ТОП авторов и книг ИСКАТЬ КНИГУ В БИБЛИОТЕКЕ
Мы все постоим за него. О нем никто худого слова не скажет. Хороший солдат, хороший коммунист. А вы почему не вступаете в партию?
Вопрос был слишком неожиданным. Я не знал, что сказать.
А Попов продолжал:
— Ваше место в наших рядах. Подумайте об этом, если согласны, подавайте заявление. Поручители найдутся. Я бы и сам охотно за вас поручился.
— Спасибо, товарищ комиссар,— ответил я.
С того дня зачастили дожди. Затянутый тумаком горный круг напоминал огромный барабан, на котором молнии выбивали грозную дробь. Красная глина размокла и липла к ногам. Сухие долины превратились в бурные реки, а дороги в непролазные топи. На фронте воцарилась непривычная, гнетущая тишина. Низкие густые облака преградили путь самолетам и надежно укрыли местность от глаз наблюдателей-артиллеристов. Только на переднем крае лаяли пулеметы, но все реже и реже. И люди, подобно земле, раскисали...
Как-то утром командир батареи Микола Савич заглянул в мою палатку под колючим кактусом.

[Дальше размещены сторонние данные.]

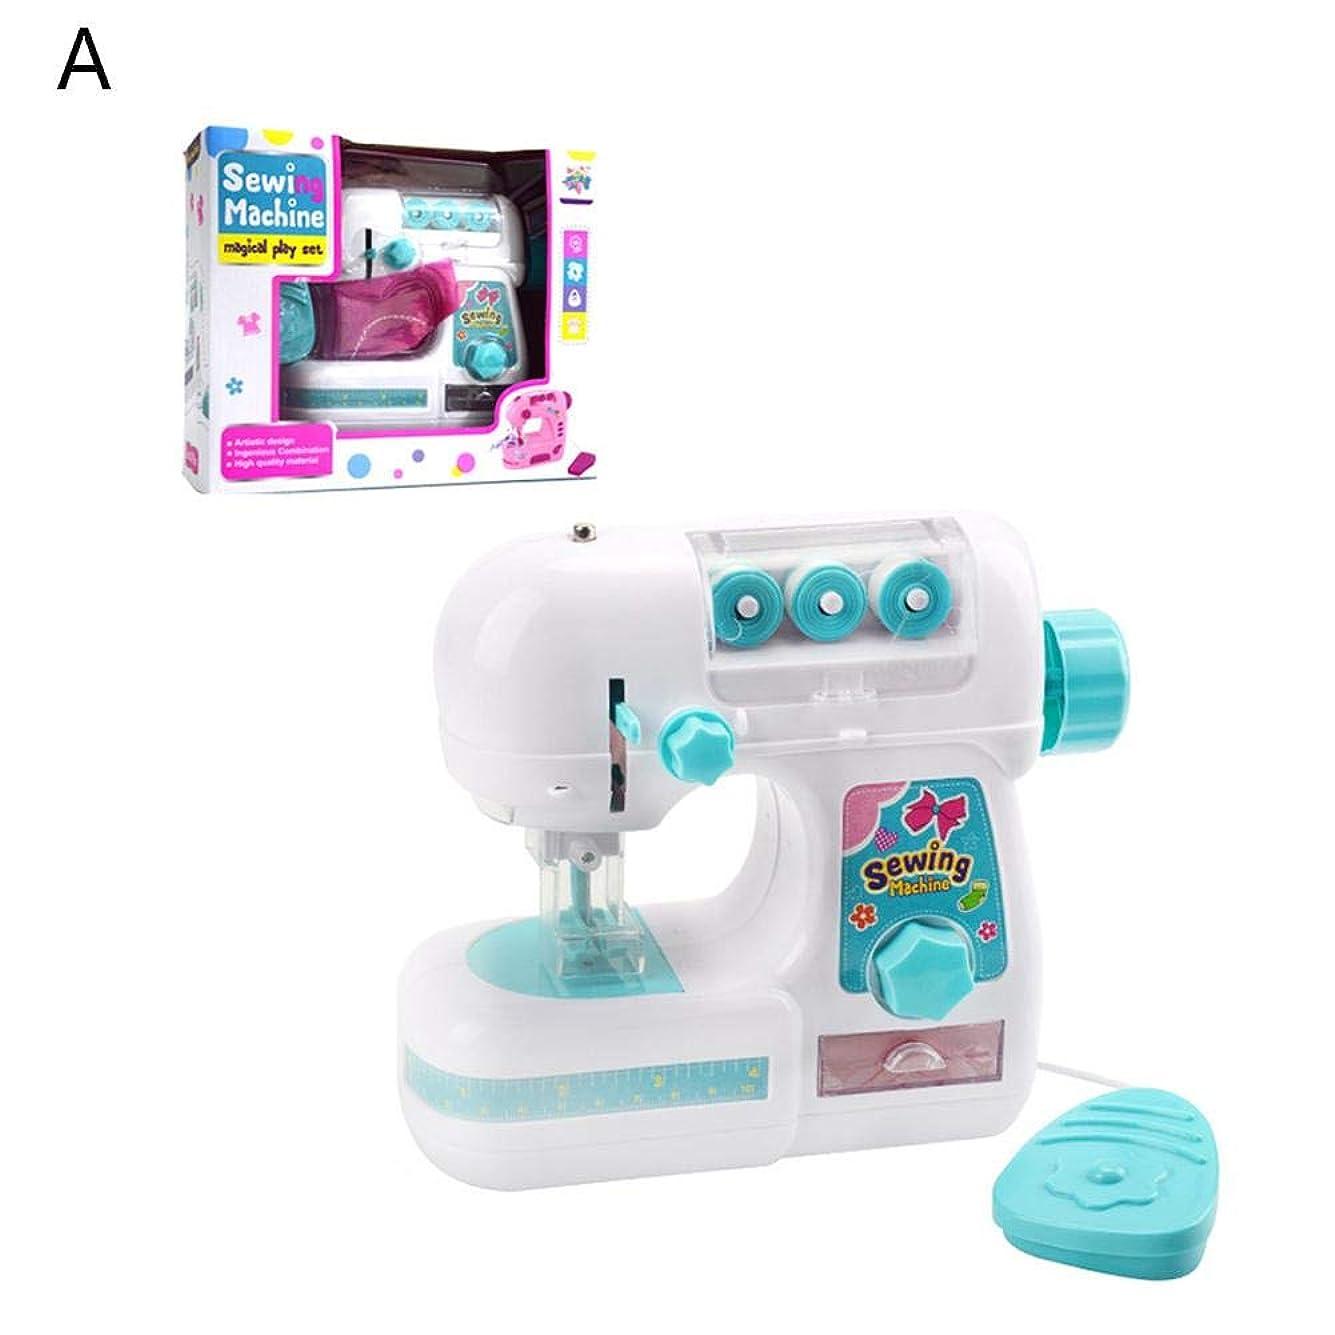 証書核記者電気ミシン 子供向けミシン 多機能ミニミシン 小型家電おもちゃ ままごと ミシンごっこ遊び DIY 親子遊び 知育玩具 教育興味深い 裁縫道具 子供への贈り物

— Товарищ Скулте, собирайтесь. Нужно присмотреть новые позиции. Тут мы скоро потонем.
Меня это обрадовало. Я почти не спускался с гор, обозревал окрестность только с птичьего полета в окуляры бинокля. Собрался быстро, минут через десять мы уже катили в легковой машине Савича в тыл. Осторожно пересекли две-три размытые дождем долины, выбрались на Кордовское шоссе, миновали обложенный тучами перевал и, наконец, спустились в просторную долину, поросшую дубками. Неожиданно просияло солнце, словно мечами пронзив пелену облаков; и синевато-стальная лента шоссе, согретая теплом, заклубилась паром.
— Хороша Испания! — воскликнул Микола Савич.— Смотрю на эти горы, и мне порой начинает казаться, что я в Болгарии.
— Не бывал в Болгарии.
— Жаль,— сказал Савич.— Какие розы!.. А табак...
— Да, болгарский табак неплохой,— согласился я.
— Самый лучший,— поправил меня Савич.— А сливы, перец, помидоры! Нашу мастику пробовал?
— Что за мастика?
— Напиток из аниса.
— В Астурии я отведал аниса. С черным кофе. Чудесная вещь!
— Это все не то! — Савич пренебрежительно махнул рукой.— Такой мастики, как у нас, нигде нет. А какой у нас пляж! Вода в Черном море как парное молоко.
— Самый лучший пляж у нас, на Рижском взморье,— не выдержал я.
— Жаль, что ты не видел Варну. Тогда бы помалкивал. Это не песок — золото.
— Золото?
— А народ? Таких славных людей ты нигде не встречал.
— Нет, встречал,— возразил я.
— Где?
— Здесь, в Испании. Один из них сидит со мной рядом.
Микола рассмеялся, потом произнес негромко, словно разговаривая сам с собой:
— Да, латыши как будто бы неплохие ребята. Вы, черти, отличные вояки. Я знаю, красные латышские стрелки Ленина охраняли, отважно дрались на фронтах гражданской войны. Или возьми испанцев...
— У каждого народа есть хорошие и есть плохие люди.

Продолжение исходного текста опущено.